A third to access flexible pension, says HMRC
An estimated 130,000 retirees a year will take cash out of their pension pot under new flexibility rules, the UK tax authority has estimated.
In his Budget, Chancellor George Osborne said savers would be able to use their pension pot as they saw fit.
This means retirees can take their pot in cash, although the majority of this would be taxed, from April 2015.
In a policy impact document, now published, HM Revenue and Customs said a third would use the option.
About 400,000 people would have the chance initially, with 130,000 estimated to do so, HMRC said.
Up until now, most people in defined contribution schemes - where the final pension depends on the amount of investment returns - bought an annuity, a pre-set income for life, from a provider when they retired.
But from next April, people from the age of 55 will be able to take the cash - although only the first 25% of this would be tax-free, and the rest would be subject to income tax.
"Tax could easily wipe out a sizeable chunk of people's pension savings, potentially taking many people into the higher rate tax band who have never paid tax at that rate before," said Tom McPhail, head of pensions research at Hargreaves Lansdown.
"Trusting people to act responsibly with their pension savings is a huge step forward, but it is essential to back this with the right guidance and advice."
But Paul Green, from Saga, said the organisation had asked 2,400 people aged over 50 about the new rules, with only 15% replying that they planned to cash in their full pension pot.

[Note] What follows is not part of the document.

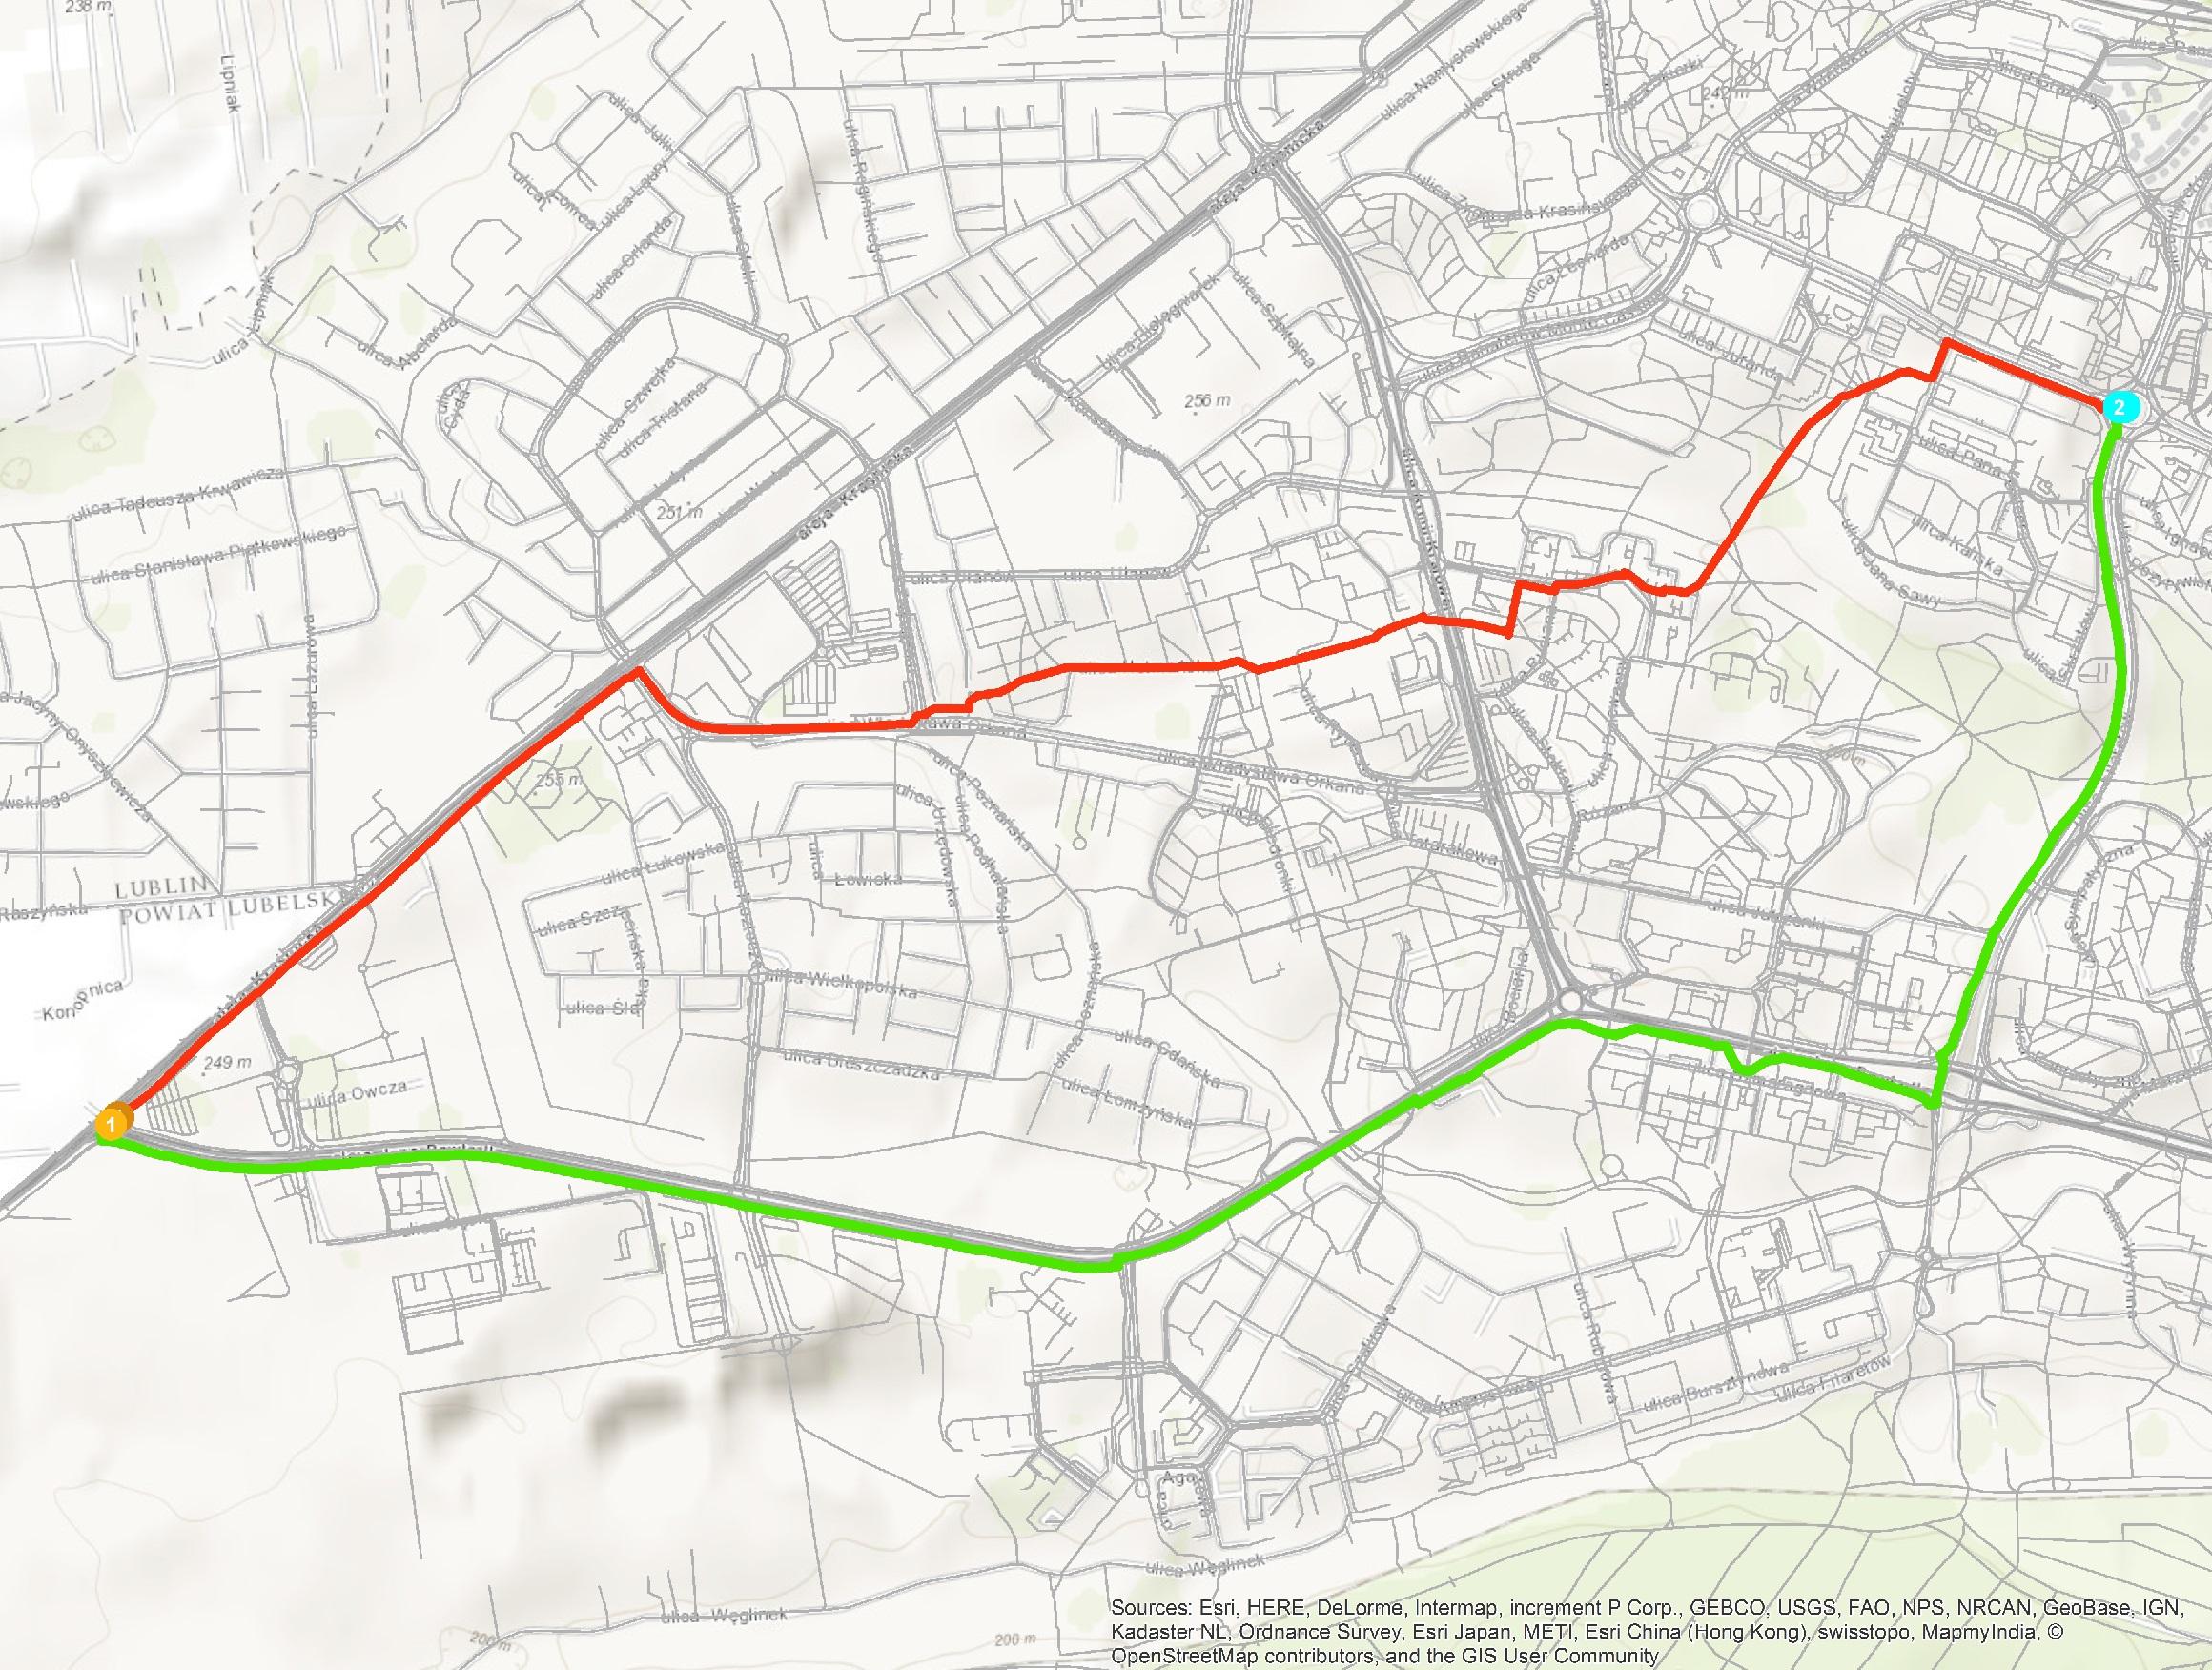 Rys. 4. Porównanie tras przebiegających między dwoma punktami na sieci bez hierarchii (czerwona) oraz z hierarchią (zielona). Trasa zielona w całości przebiega po ścieżce rowerowej.

"We found just 23 people who said they planned to blow it on a Lamborghini and living the high life," he said.
"Over half say they plan to use funds to secure a future income for their retirement. It is vital that people are properly advised about the tax implications of withdrawing more than 25% of their pension pot before they do something that they may live to regret."
The impact document confirms figures published in the Budget, estimating that the extra tax revenue going to the Treasury totalled £320m in 2015-16, rising to £1.2bn in 2018-19.
Taxing pensions - examples
- A basic rate taxpayer has an existing income of £20,000 and a pension pot of £50,000. If that pot was taken as cash, the first £12,500 would be tax-free. The tax on the pension pot would be £10,627. Their effective income tax rate would be 21%.
- A higher rate taxpayer has an existing income of £85,000 and a pension pot of £50,000. They would have an effective tax rate of 38% if the pension pot was taken as cash.
- An additional rate taxpayer with an existing income of £155,000 and a pension pot of £50,000 would have an effective tax rate of 33.75% if the pension pot was taken as cash.
Source: Hargreaves Lansdown
Individuals will still have the option to buy an annuity with their pension pot, or another form of retirement product.
HMRC estimates that about two-thirds of retirees will do so, or leave their savings in a pension pot for the time being.
The update comes after reports suggested that the new flexibility rules had made pensions more attractive, but had eaten into annuity sales.
In its Accounting for Pensions report, LCP said there was already evidence that the policy encouraged extra pension saving, although there were still some challenges with the policy to be overcome.
Insurance group Legal and General said individual annuity sales were down 49% in the first half of the year to £383m. It also said it was expecting 50% falls in both the second half of the year and in 2015.
Rival insurer Aviva, which published results on Thursday, said that the value of new annuity business had fallen by 41% since the reforms were announced in the Budget.